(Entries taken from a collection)
⁂

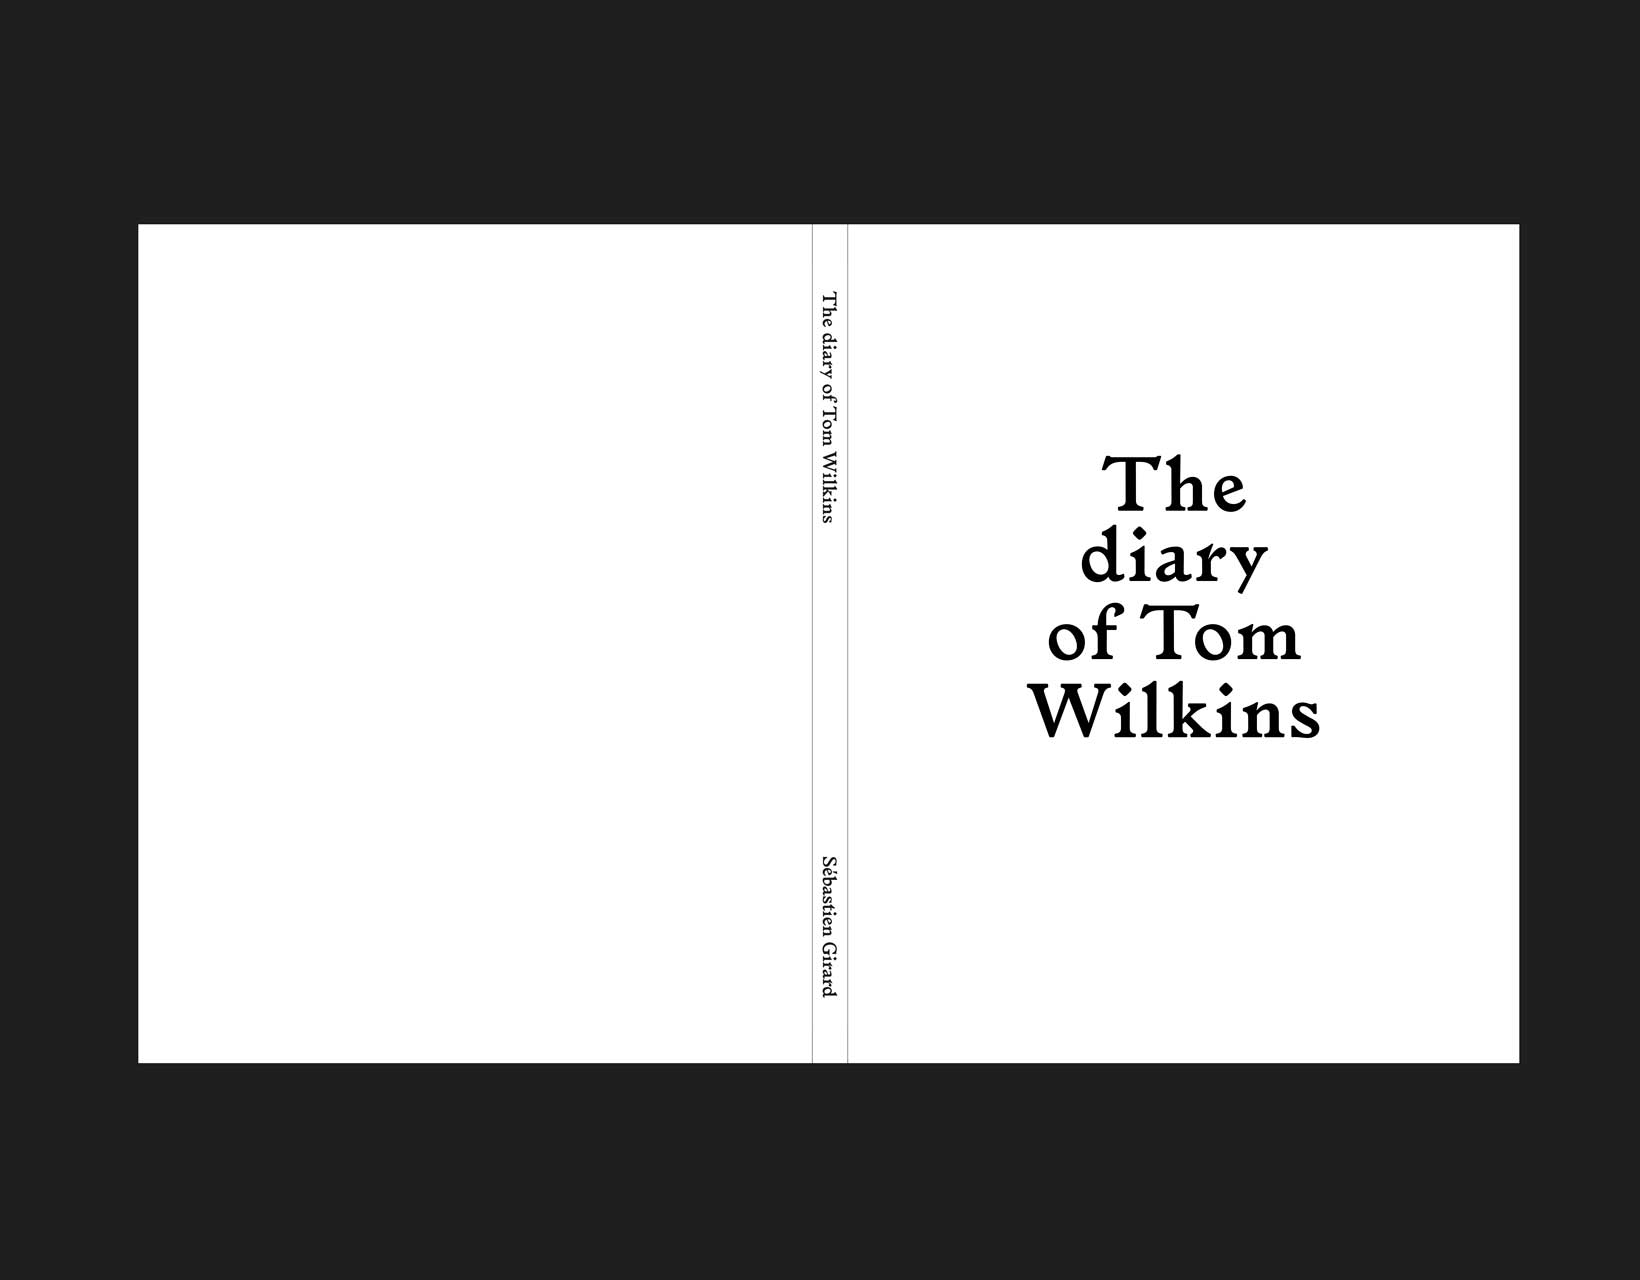 The diary of Tom Wilkins
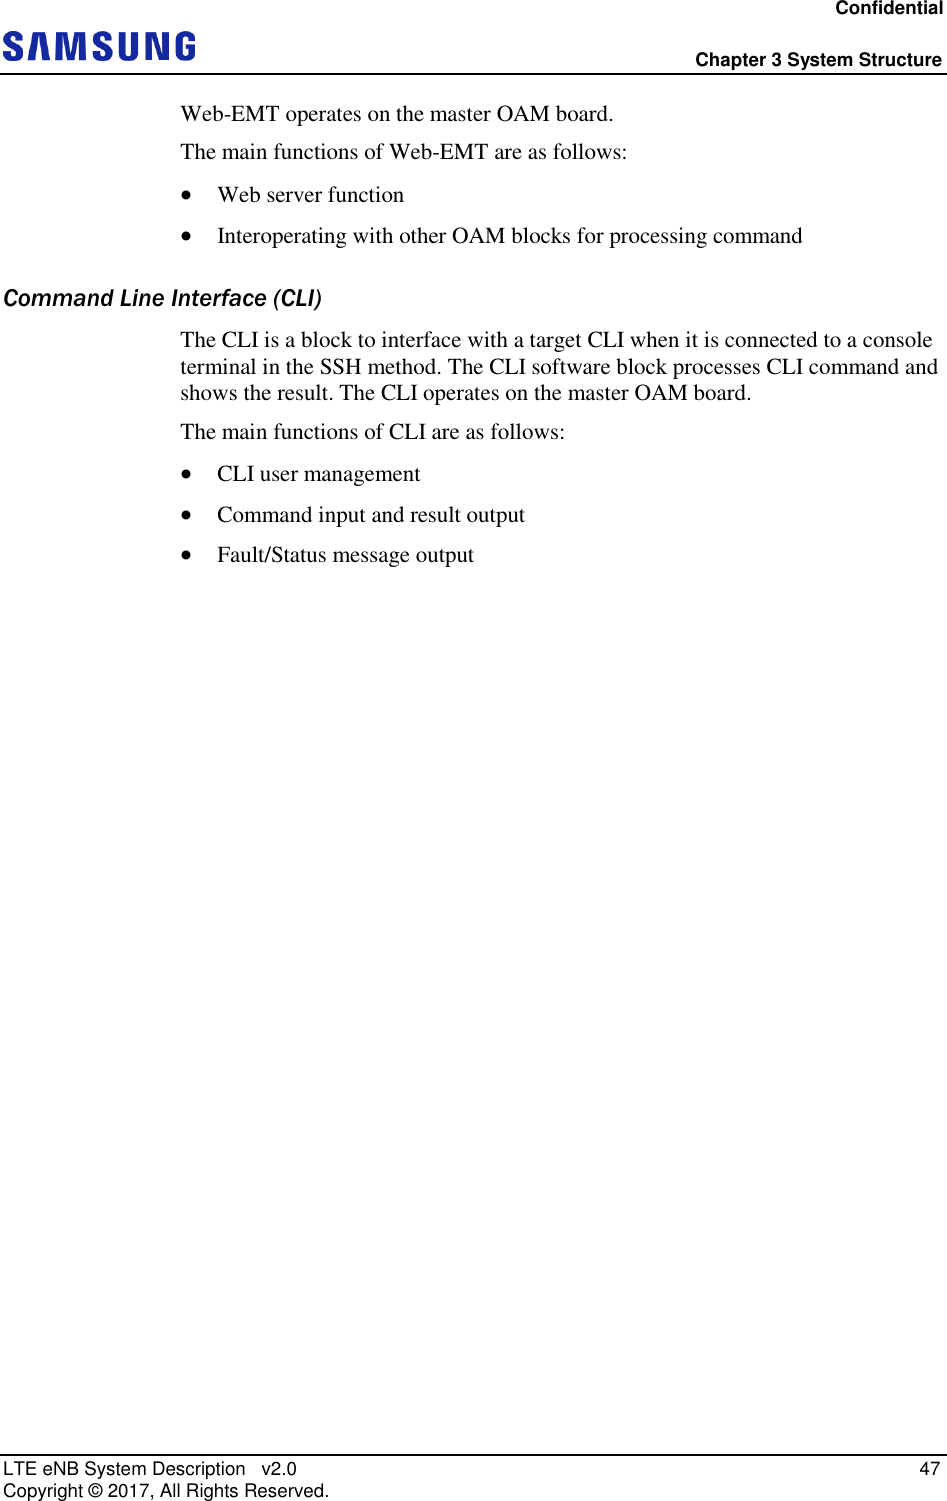 Confidential  Chapter 3 System Structure LTE eNB System Description   v2.0   47 Copyright ©  2017, All Rights Reserved. Web-EMT operates on the master OAM board. The main functions of Web-EMT are as follows:  Web server function  Interoperating with other OAM blocks for processing command Command Line Interface (CLI) The CLI is a block to interface with a target CLI when it is connected to a console terminal in the SSH method. The CLI software block processes CLI command and shows the result. The CLI operates on the master OAM board. The main functions of CLI are as follows:  CLI user management  Command input and result output  Fault/Status message output 
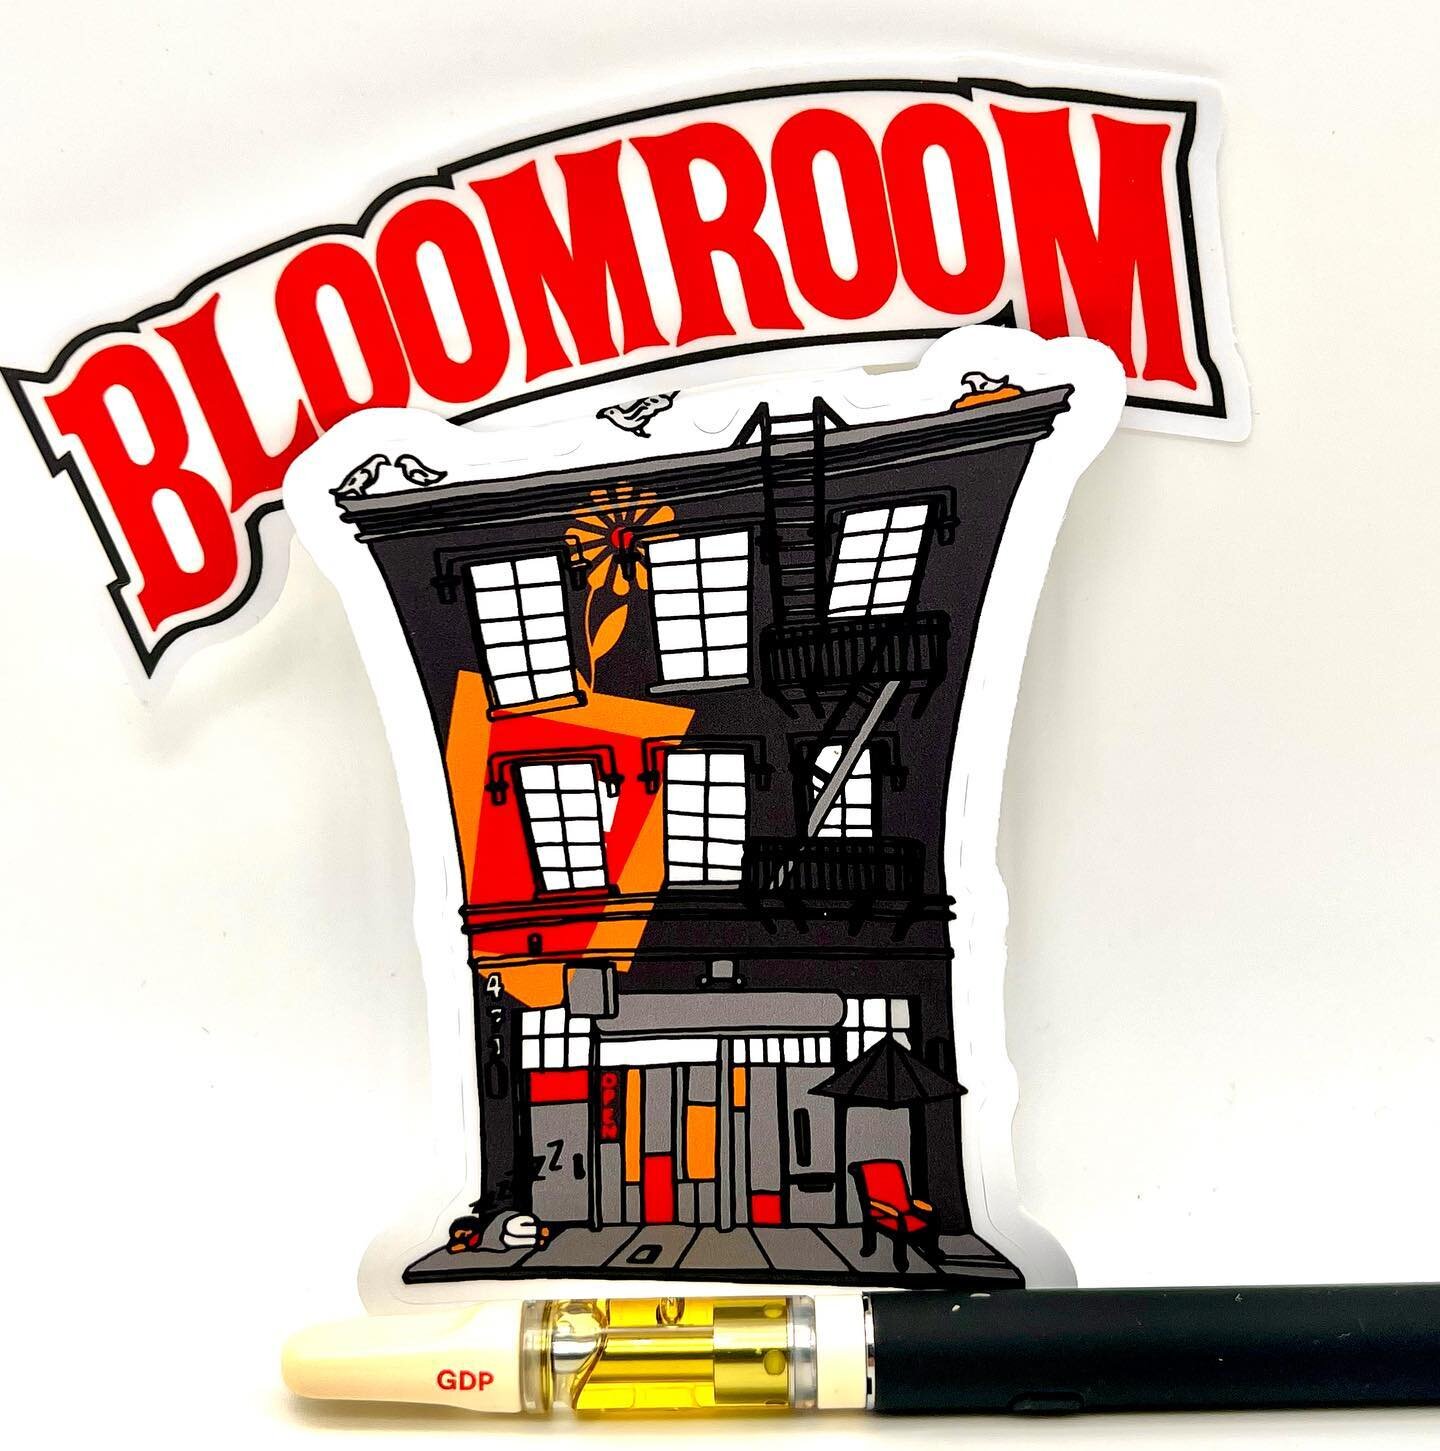 Blooom Rooooooom!🐞🍄🌹🍁
Bloom Catridges(1G) &amp; Disposables(.035g)are available just for YOU! Come save a little money with the crazy 30(%)promotion going on at both stores! 🌁🌅
#notforsale #lifestyle #bloomroomdispensaries #vapes #cityliving #b

⁂

▸ WORK REQUIRED: A faithful copy of the records above, without images, is what to give back.

▸ RESULT OF THE TASK:
 The diary of Tom Wilkins
 Confidential  Chapter 3 System Structure LTE eNB System Description   v2.0   47 Copyright ©  2017, All Rights Reserved. Web-EMT operates on the master OAM board. The main functions of Web-EMT are as follows:  Web server function  Interoperating with other OAM blocks for processing command Command Line Interface (CLI) The CLI is a block to interface with a target CLI when it is connected to a console terminal in the SSH method. The CLI software block processes CLI command and shows the result. The CLI operates on the master OAM board. The main functions of CLI are as follows:  CLI user management  Command input and result output  Fault/Status message output 
 Blooom Rooooooom!🐞🍄🌹🍁
Bloom Catridges(1G) &amp; Disposables(.035g)are available just for YOU! Come save a little money with the crazy 30(%)promotion going on at both stores! 🌁🌅
#notforsale #lifestyle #bloomroomdispensaries #vapes #cityliving #b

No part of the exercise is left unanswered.